The court for the Southern District of New York found that while Section 1782 did not permit discovery in relation to any commercial arbitration proceedings between purely private parties, it did apply to tribunals established under investment treaties. Applying the test for discovery under US procedural law, the application was granted. There currently rages a fullyfledged discovery battle, with motions being filed by both sides and with the documentary evidence being used by Chevron’s attorneys.28 Whatever may come of it, without the order by the New York this material would not have been available to Chevron as the ICSID tribunal would not have had the power to order discovery against a third party.

But merely applying under Section 1782 where the relevant arbitration is an ICSID or investment treaty tribunal does not guarantee success. Most recently, the District Court of Washington rejected an application on grounds that sound very sensible to conservative arbitration lawyers who are not enamoured of wide ranging discovery.29

The claimant in the arbitration is Caratube, a company owned by a Mr Hourani, a US national. Caratube is presently pursuing Kazakhstan under the US-Kazakhstan bilateral investment treaty of 2008. The claim relates to Caratube’s oil concessions in North-western Kazakhstan which were terminated, essentially due to misgivings following a family argument with political dimensions. Caratube’s case is that it and its representatives were pursued and treated unfairly by Kazakh authorities due to a connection with Mr Rakhat Aliyev, the former son-in-law of President Nursultan Nazarbayev. Mr Aliyev's sister is married to Mr Hourani's brother. Caratube claims that as political tensions between Mr Aliyev and Mr Nazarbayev rose, so did its difficulties with the concessions. Ultimately expropriation followed at the hands of the Kazakh secret service who seized Caratube’s assets following an enquiry.

Caratube asked the District Court to subpoena a number of US nationals who it suspected of acting as agents for Kazakhstan and Mr Nazarbayev.

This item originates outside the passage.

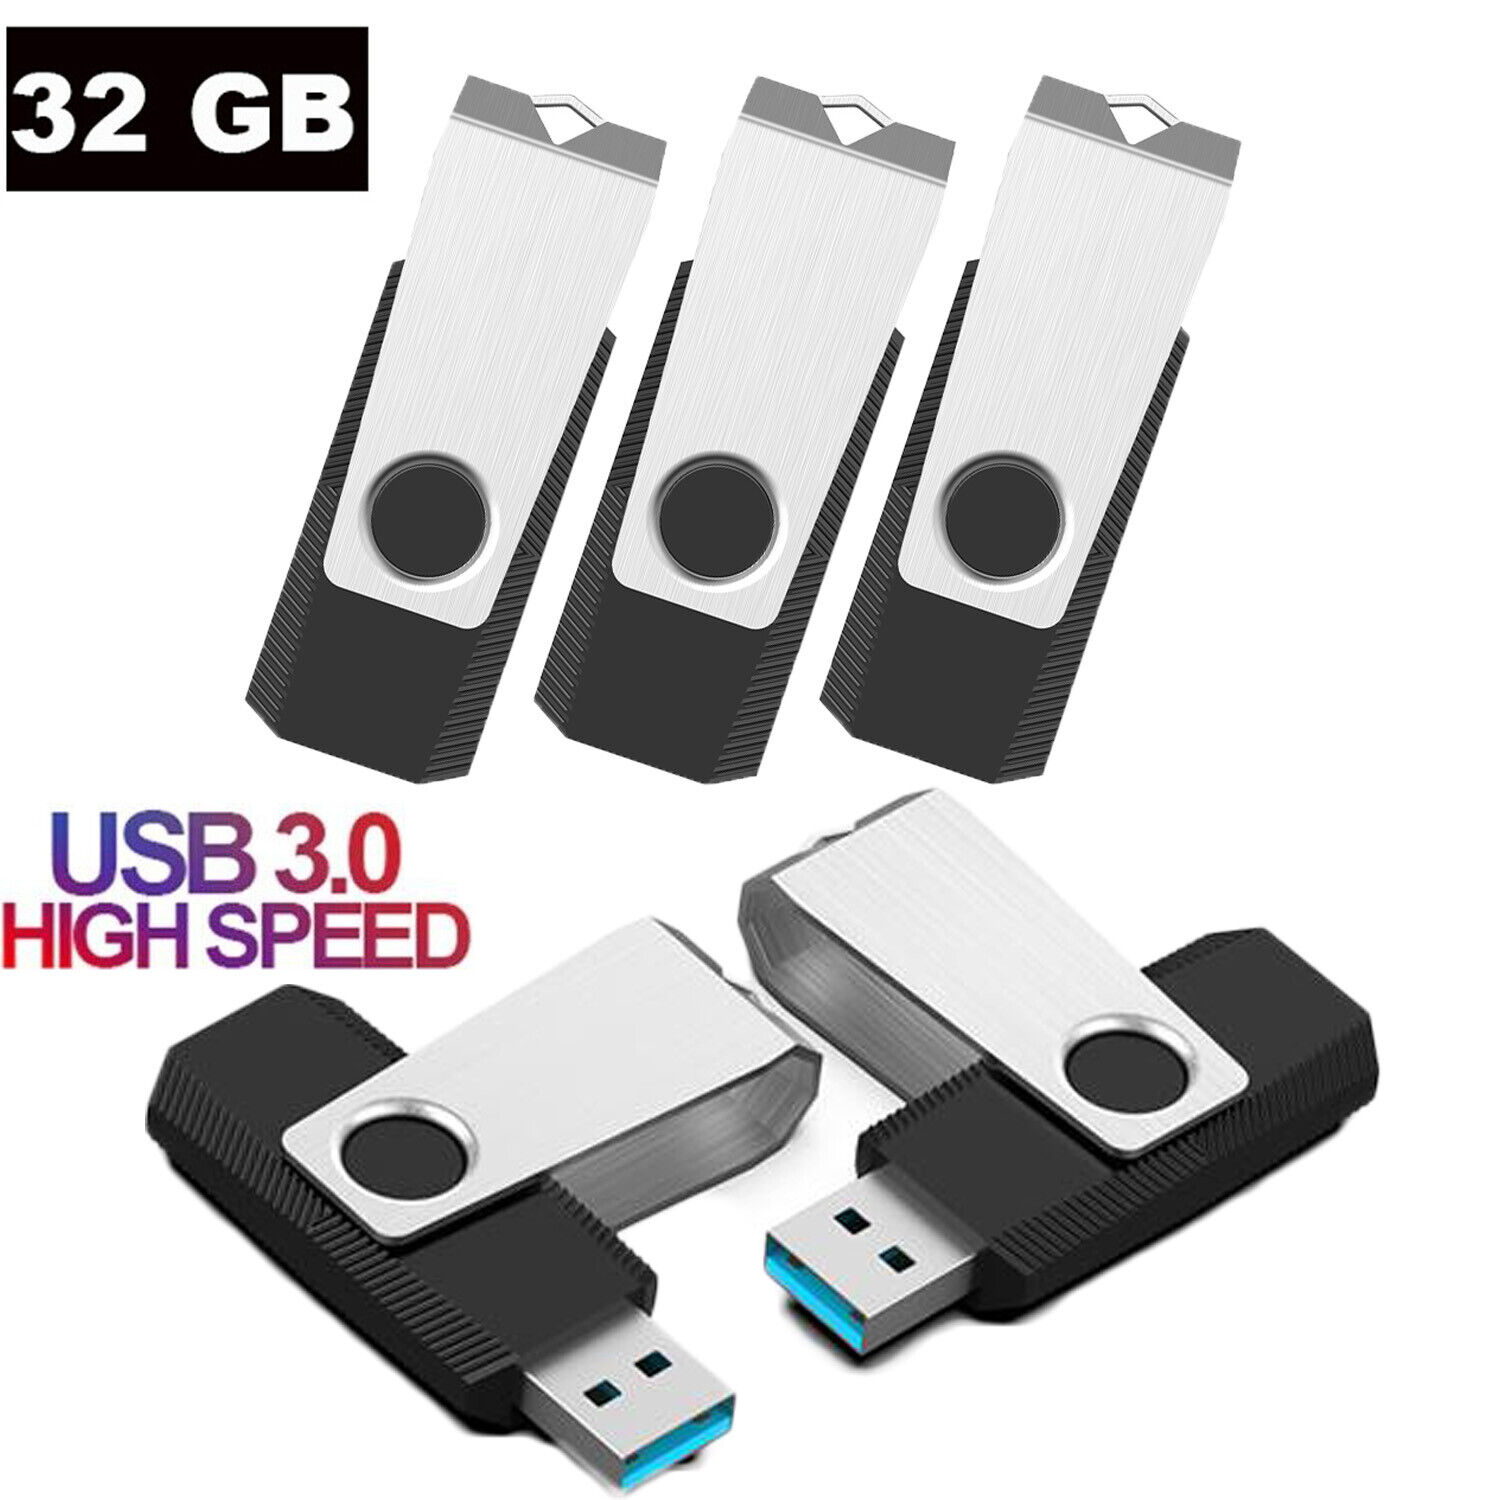 1/5pcs USB 3.0 Flash Memory Stick 32GB Swivel Flash Drive Thumb Drive High Speed

It did so without the consent of the tribunal in the ICSID arbitration, and shortly before the (limited) disclosure deadline in the arbitration. The Washington court saw this as a tactical manoeuvre:

"The evidence suggests that Caratube is using section 1782 in an attempt to circumvent the tribunal's control over the arbitration's procedures…. "

Even assuming that the ICSID tribunal fell within Section 1782 ("proceeding in a foreign or international tribunal."), the District Court stressed that it did not have to grant the order simply because it had the power to do so - a discretionary approach. Little time was spent on the character and nature of the tribunal, with the District Court instead focussing on what it saw as the crucial question: what discovery or disclosure regime had the parties adopted? Here, the parties had opted for ICSID arbitration, so that applying the ICSID Rules were part of the “parties’ bargained-for expectations concerning the arbitration process.” The court reviewed the ICSID Rules on disclosure (as set out above) and the IBA Rules. The claimant investor had “sidestepped these guidelines” by forging ahead, which was a powerful reason for rejecting the petition.

Conclusion

The approach taken by the Washington District Court in the Caratube case is a welcome reminder (if one were needed) that the US courts will review Section 1782 applications critically, and has given opponents facing a tactical petition a new precedent to cite if they find themselves drawn into the US courts. Nonetheless, the fact that Section 1782 applies to ICSID tribunals in principle remains, and can lead to tactical applications.